| Available data |
★ ★ ★
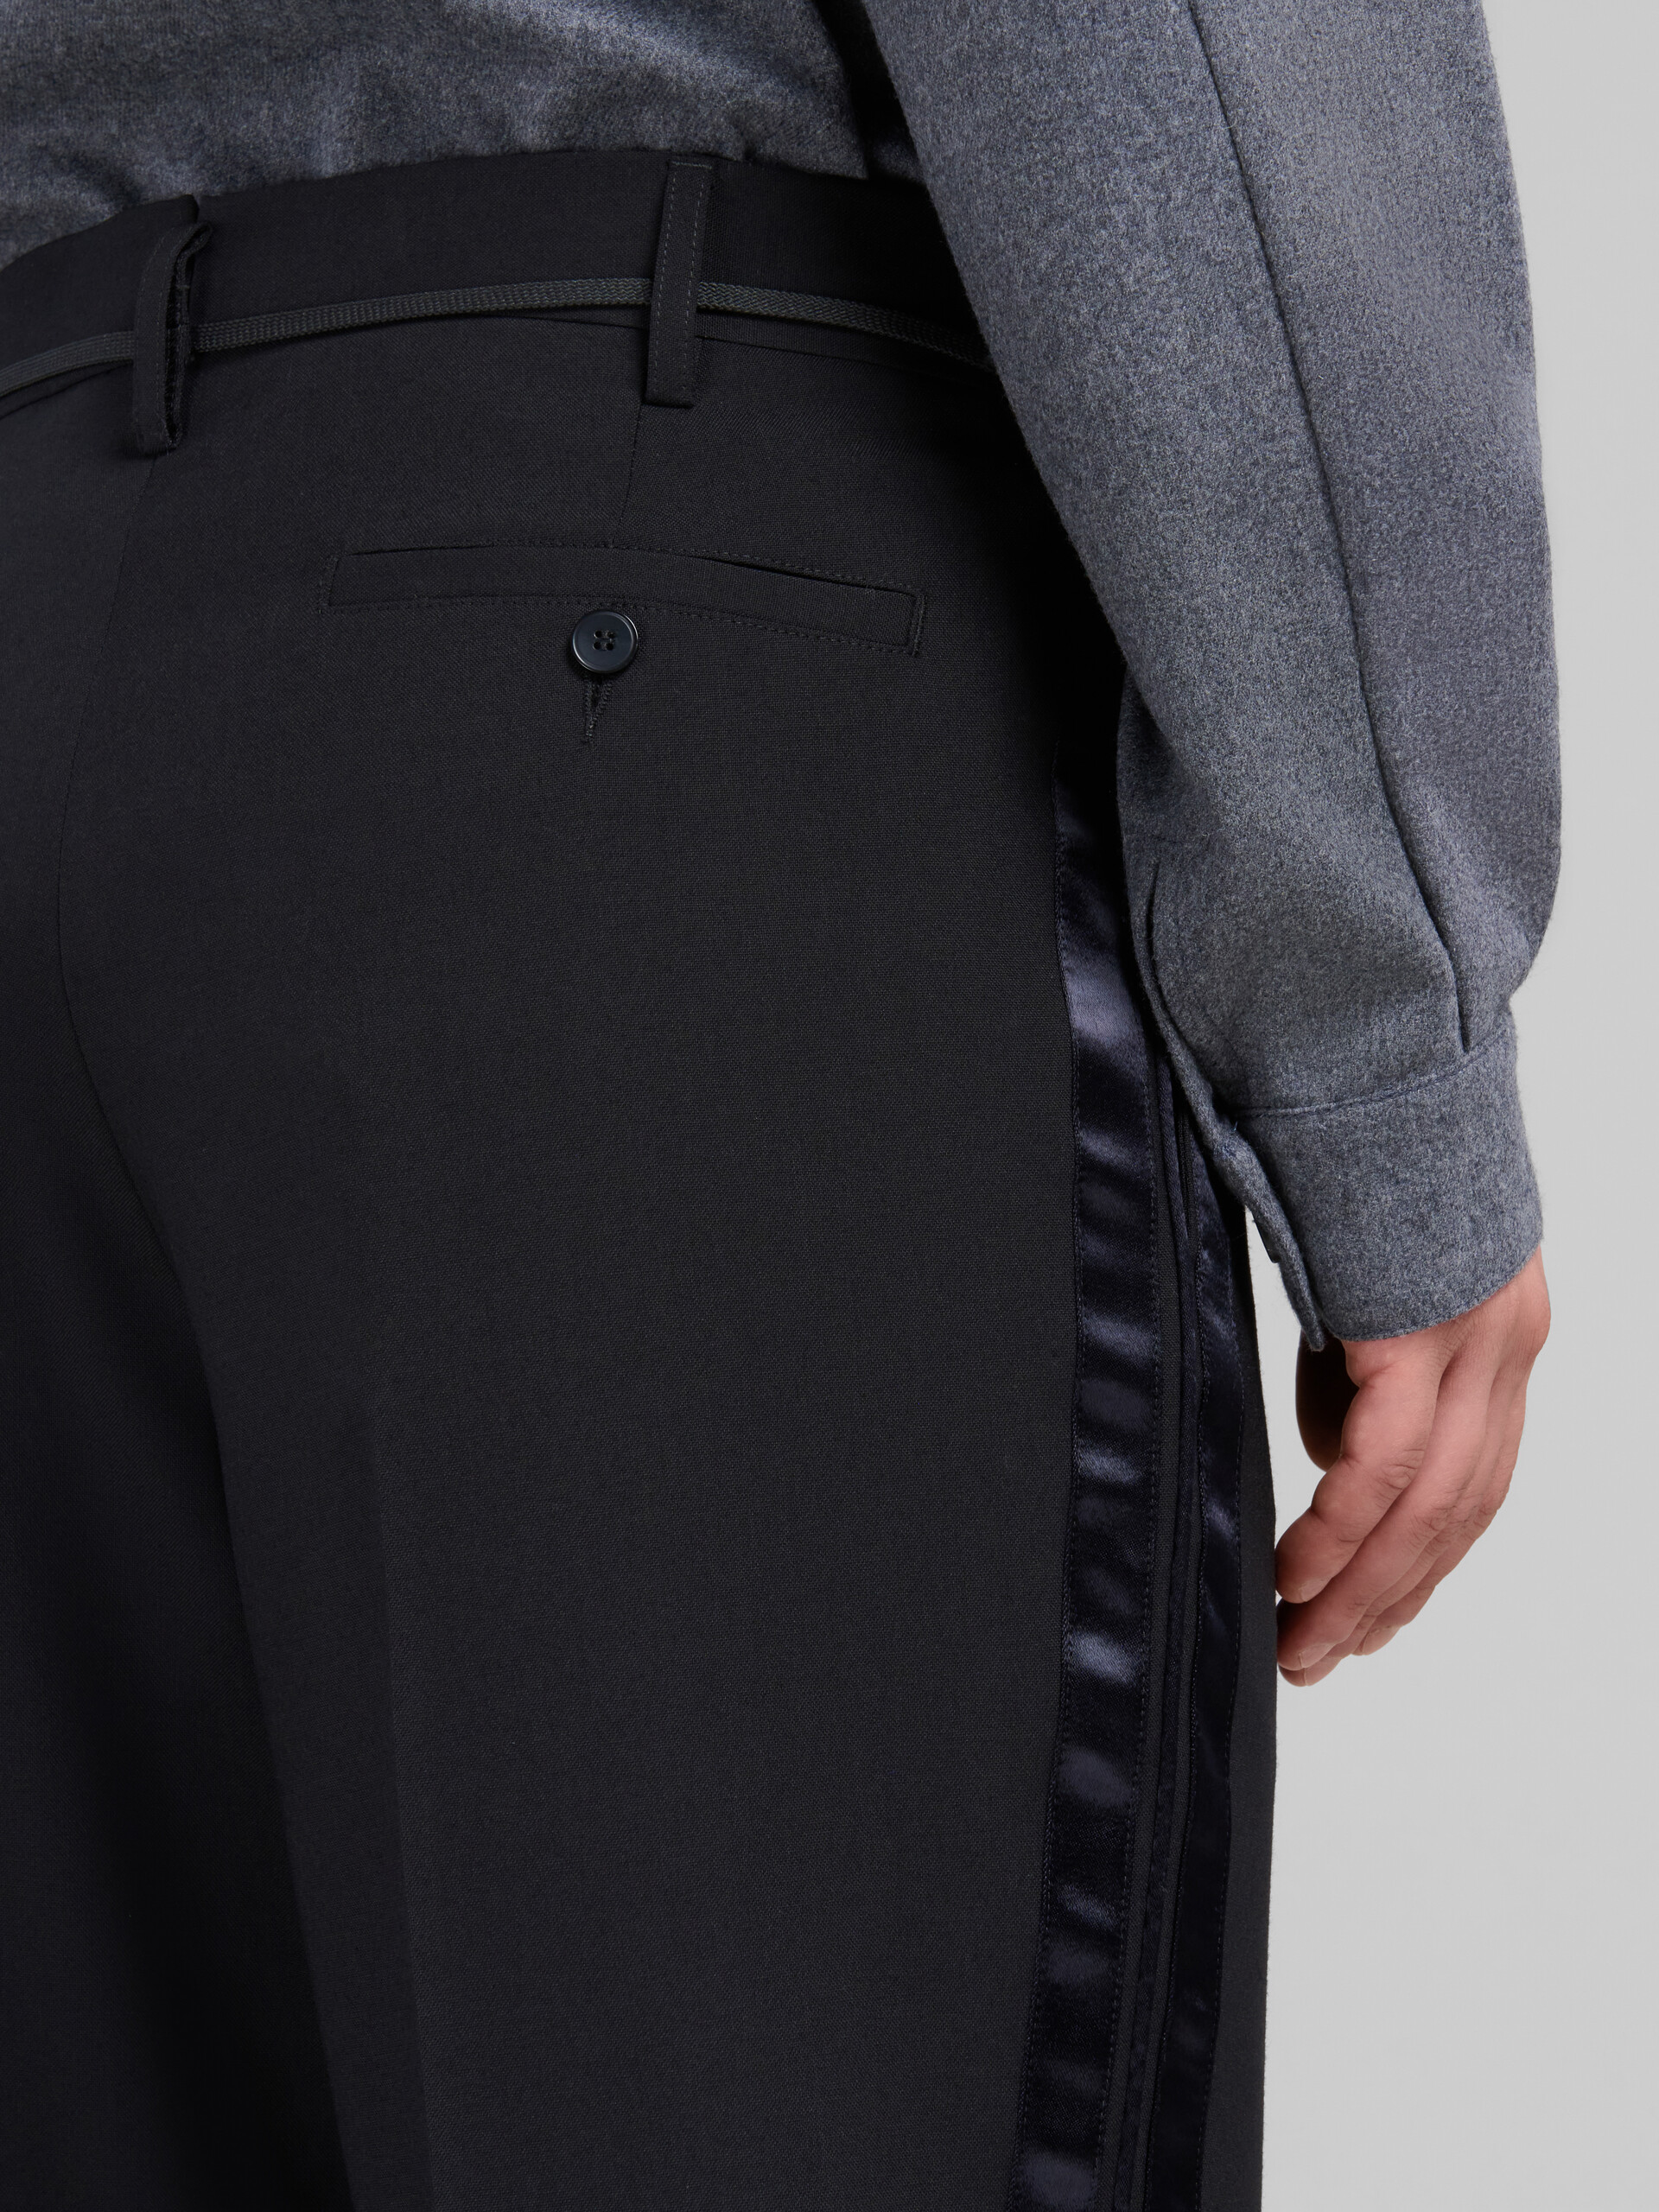 Pantaloni neri in lana con bande in raso - Pantaloni - Image 4
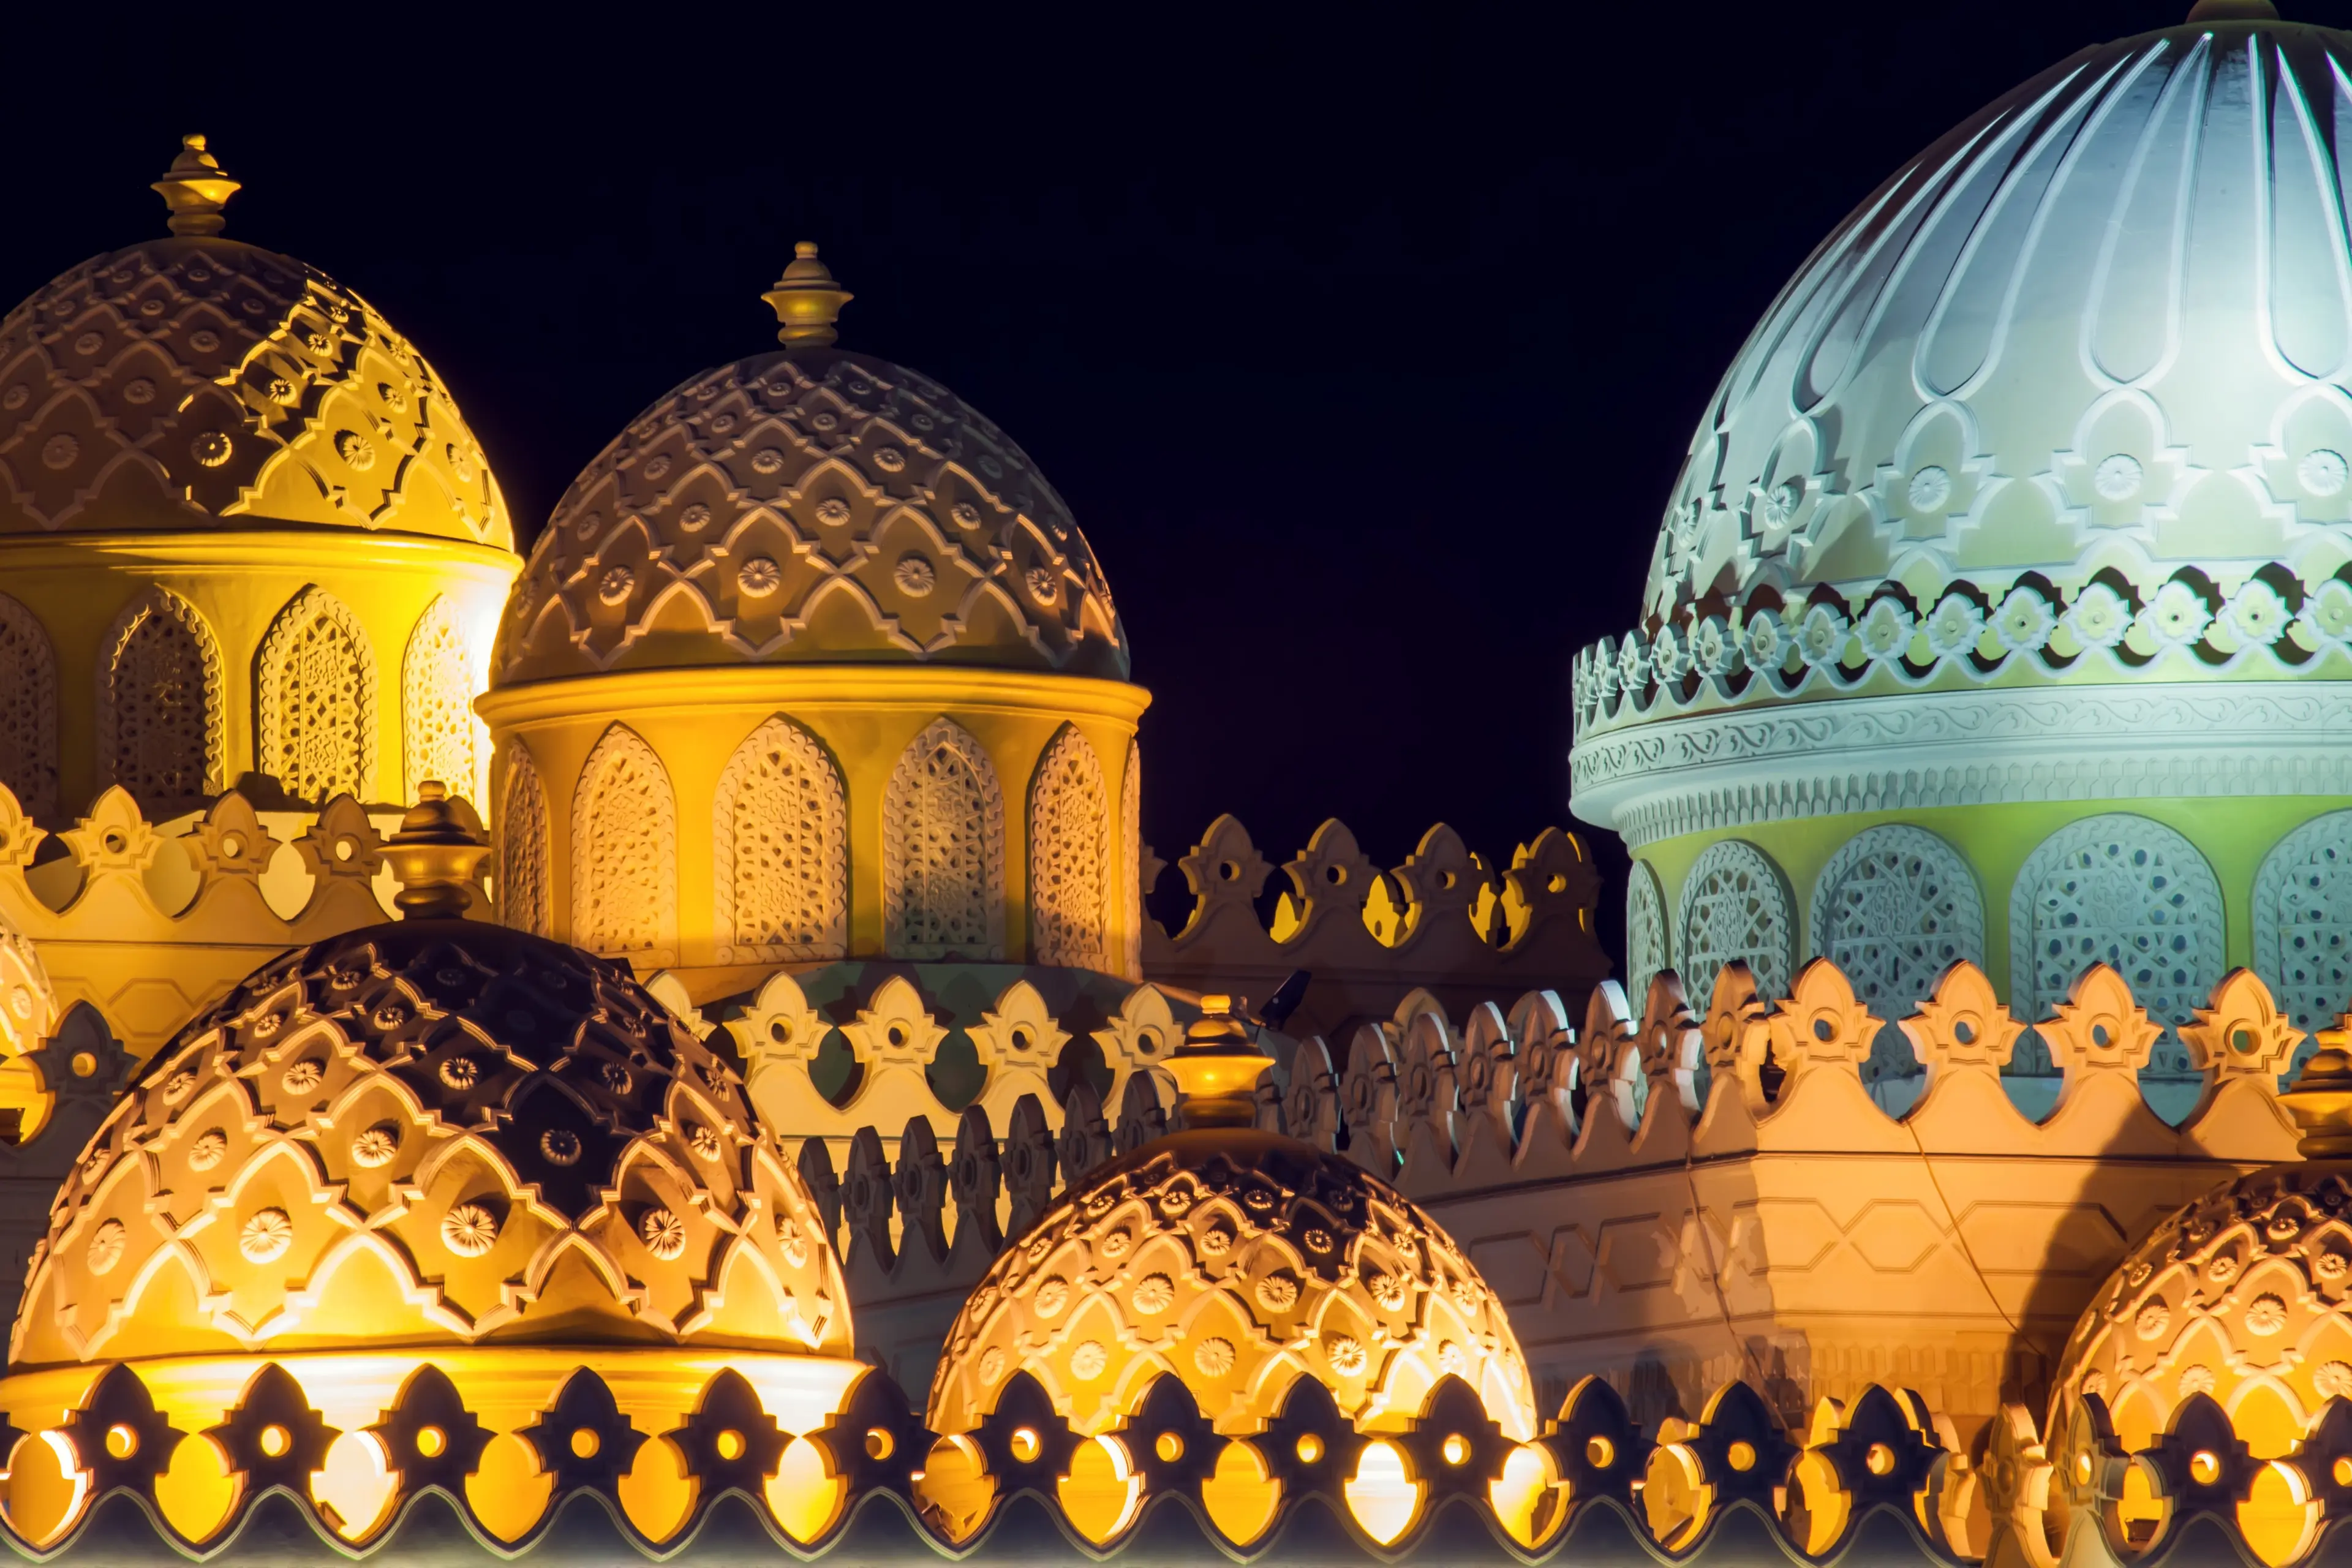 Domes of the El Mina Masjid mosque
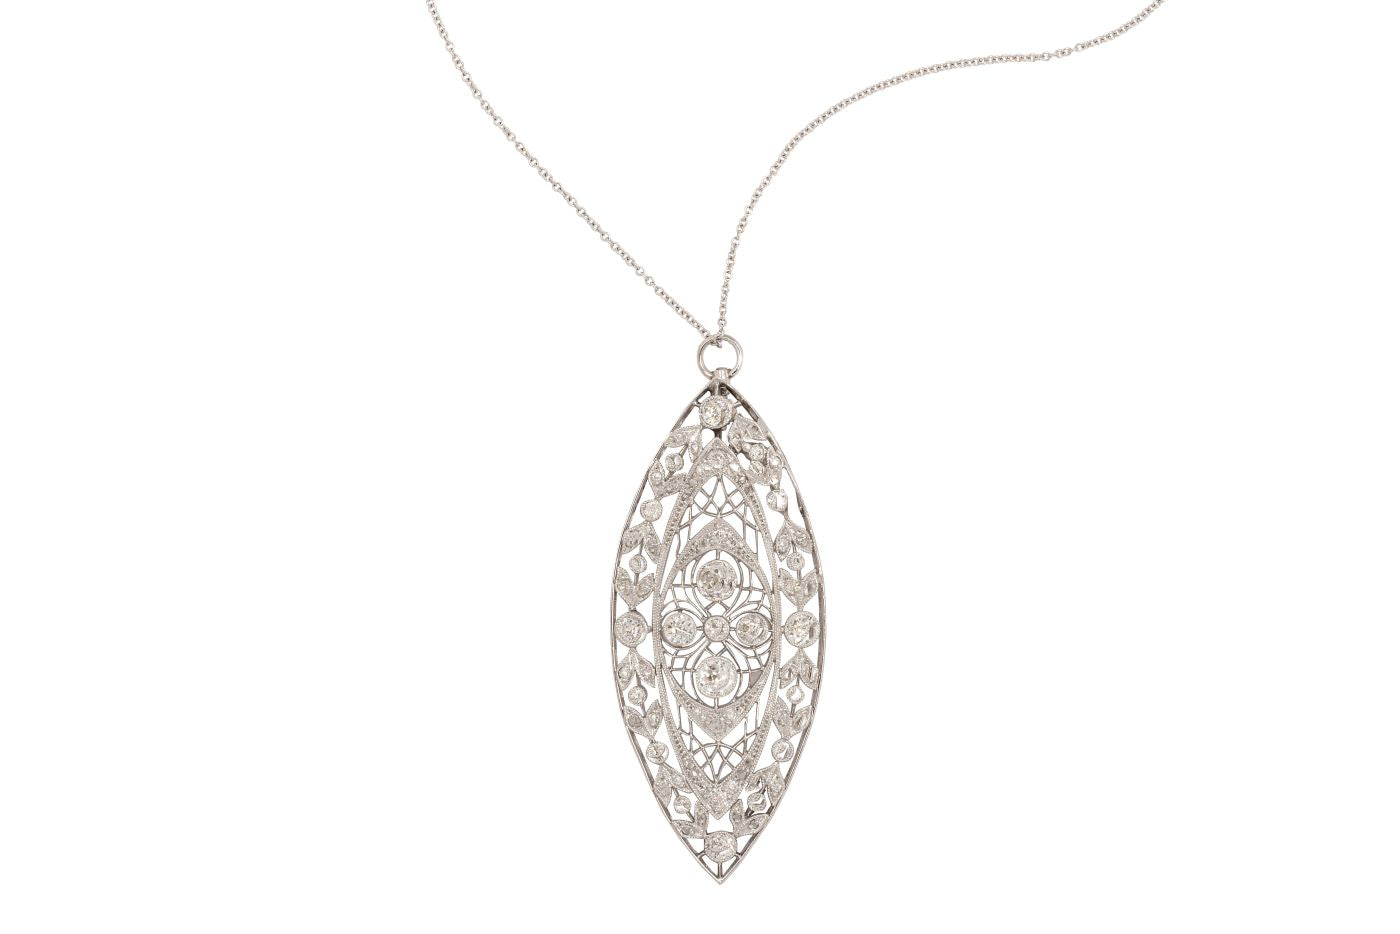 Antique Lace Diamond Necklace
★ ★ ★
| Exercise |
Every line from the one bearing "Domes of the El Mina Masjid mosque" through the end of the data above must be output exactly, and no picture may appear.

| Answer section |
 Domes of the El Mina Masjid mosque
 Antique Lace Diamond Necklace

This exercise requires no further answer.